The Little Treaty of Versailles (Mały traktat wersalski) or the Polish Minority Treaty (Traité des minorités polonaises) was one of the bilateral Minority Treaties signed between minor powers and the League of Nations in the aftermath of the First World War. The Polish treaty was signed on 28 June 1919, the same day as the main Treaty of Versailles was signed, which is the reason for one of its names. It was the first of the Minority Treaties and served as a template for the subsequent ones.

==Background==
Poland regained independence as the Second Polish Republic, after 123 years of partitions, in the aftermath of the First World War.
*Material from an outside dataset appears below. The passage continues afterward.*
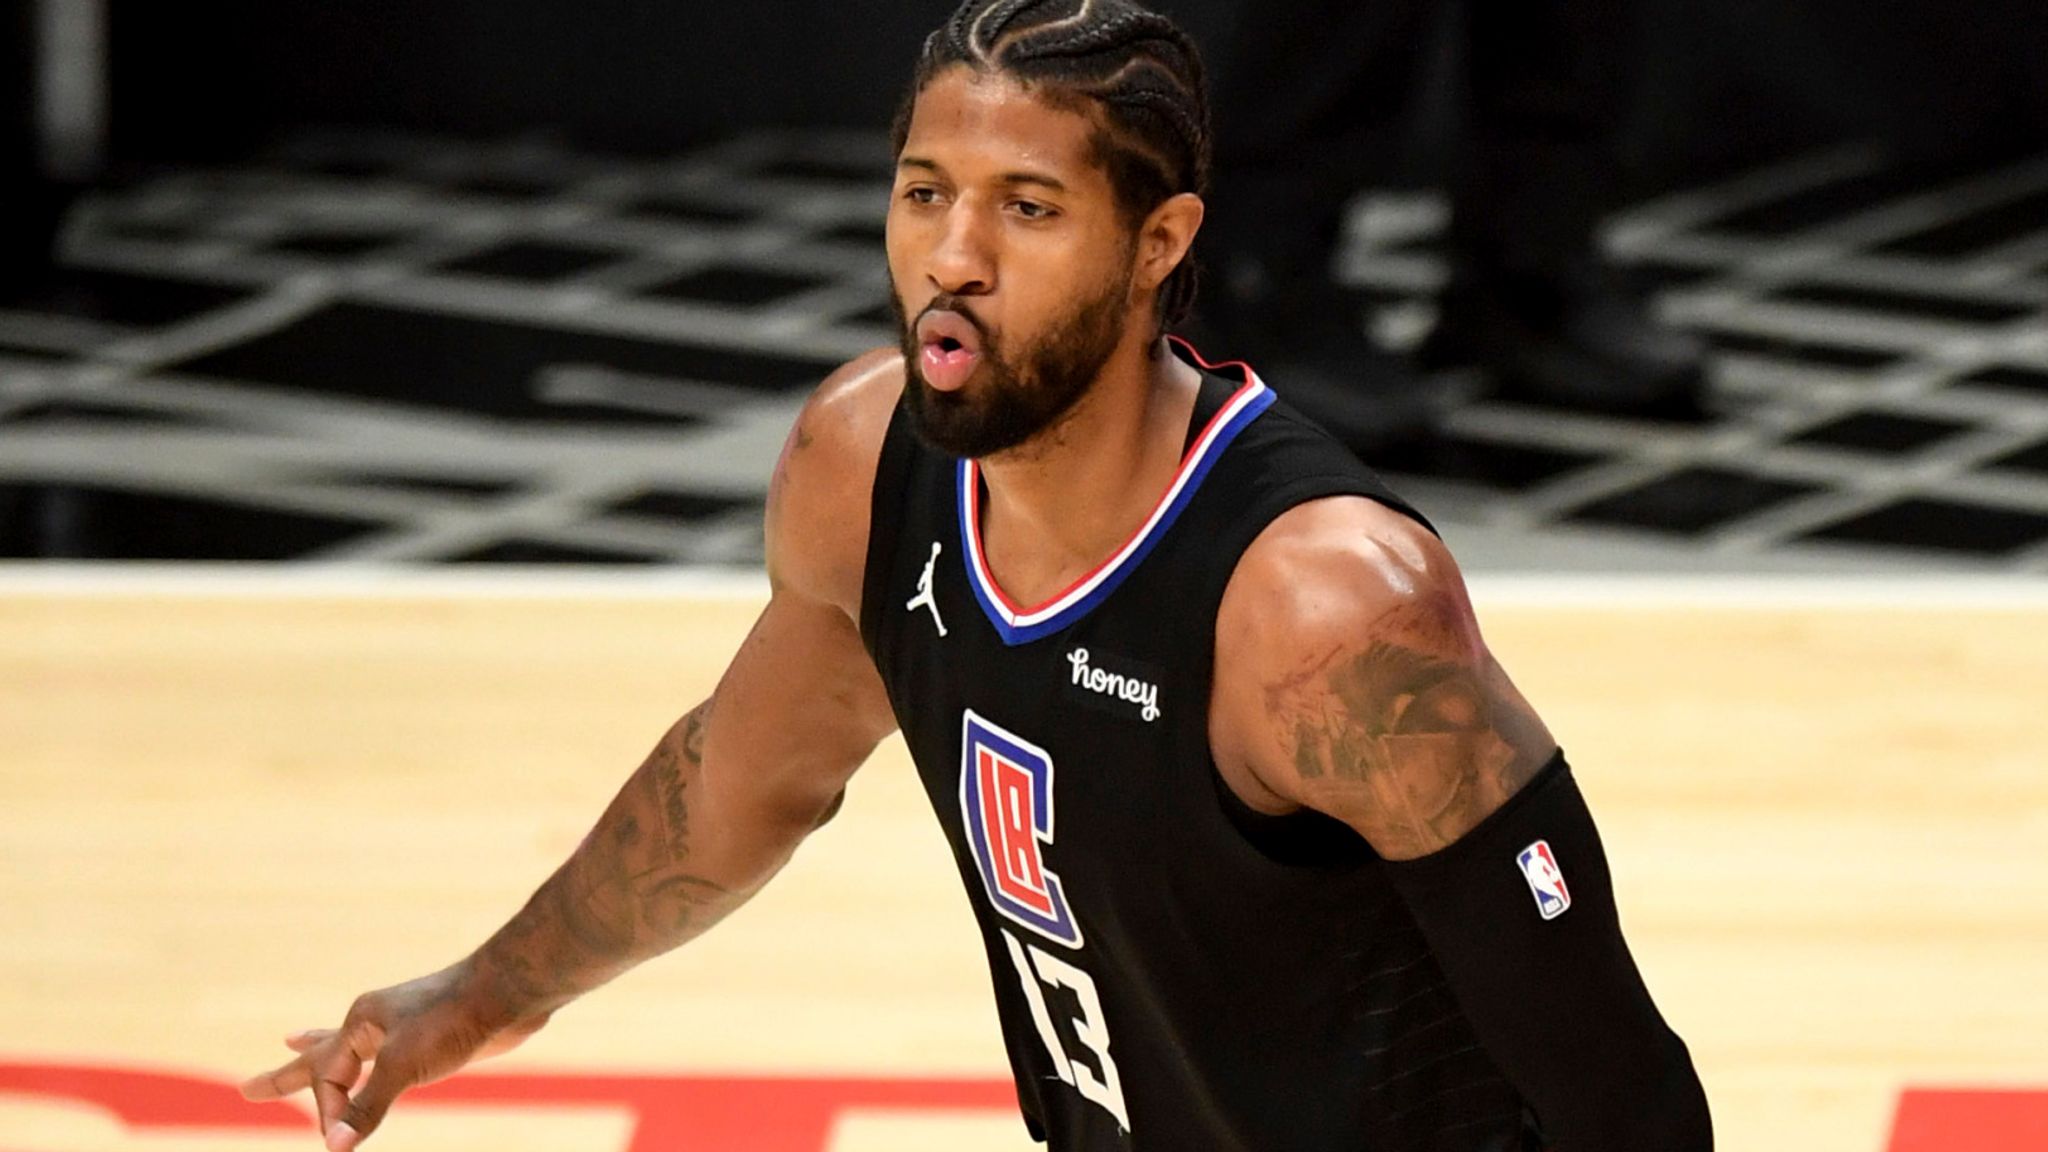 Paul George La Clippers Player Shirt

The victorious powers decided that due to significant non-Polish minorities in areas claimed by Poland (which historically controlled many Lithuanian and Ruthenian territories under the Polish–Lithuanian Commonwealth and would likely inherit a substantial German minority within its new borders) and the ongoing civilian strife caused by the local wars (in particular the Polish-Ukrainian War of 1918-1919 and Polish-Soviet War of 1919-1920), Poland had to sign the treaty in exchange for Polish independence and for Poland to sign the peace treaty with Germany (the Article 93 of the Treaty of Versailles stated that: "Poland accepts... provisions... to protect the interests of inhabitants of Poland who differ from the majority of the population in race, language, or religion"). In addition, the treaty declared that Poland had to take over a part of debts of Russian state and grant a most favored nation clause in transit trade to "Allied and Associated States" (Articles 14-18).

==The treaty==
The Polish government declared its support for "total and complete protection of life and freedom of all people regardless of their birth, nationality, language, race or religion" (Article 2) and religious tolerance (Article 7 which stated that "difference of religion, creed, or confession shall not prejudice any Polish national in matters relating to the enjoyment of civil or political rights, as for instance the admission to Public employment, functions and honors, or the exercise of professions and industries"). Provisions of the treaty "were obligations of international importance and were guaranteed by the League of Nations".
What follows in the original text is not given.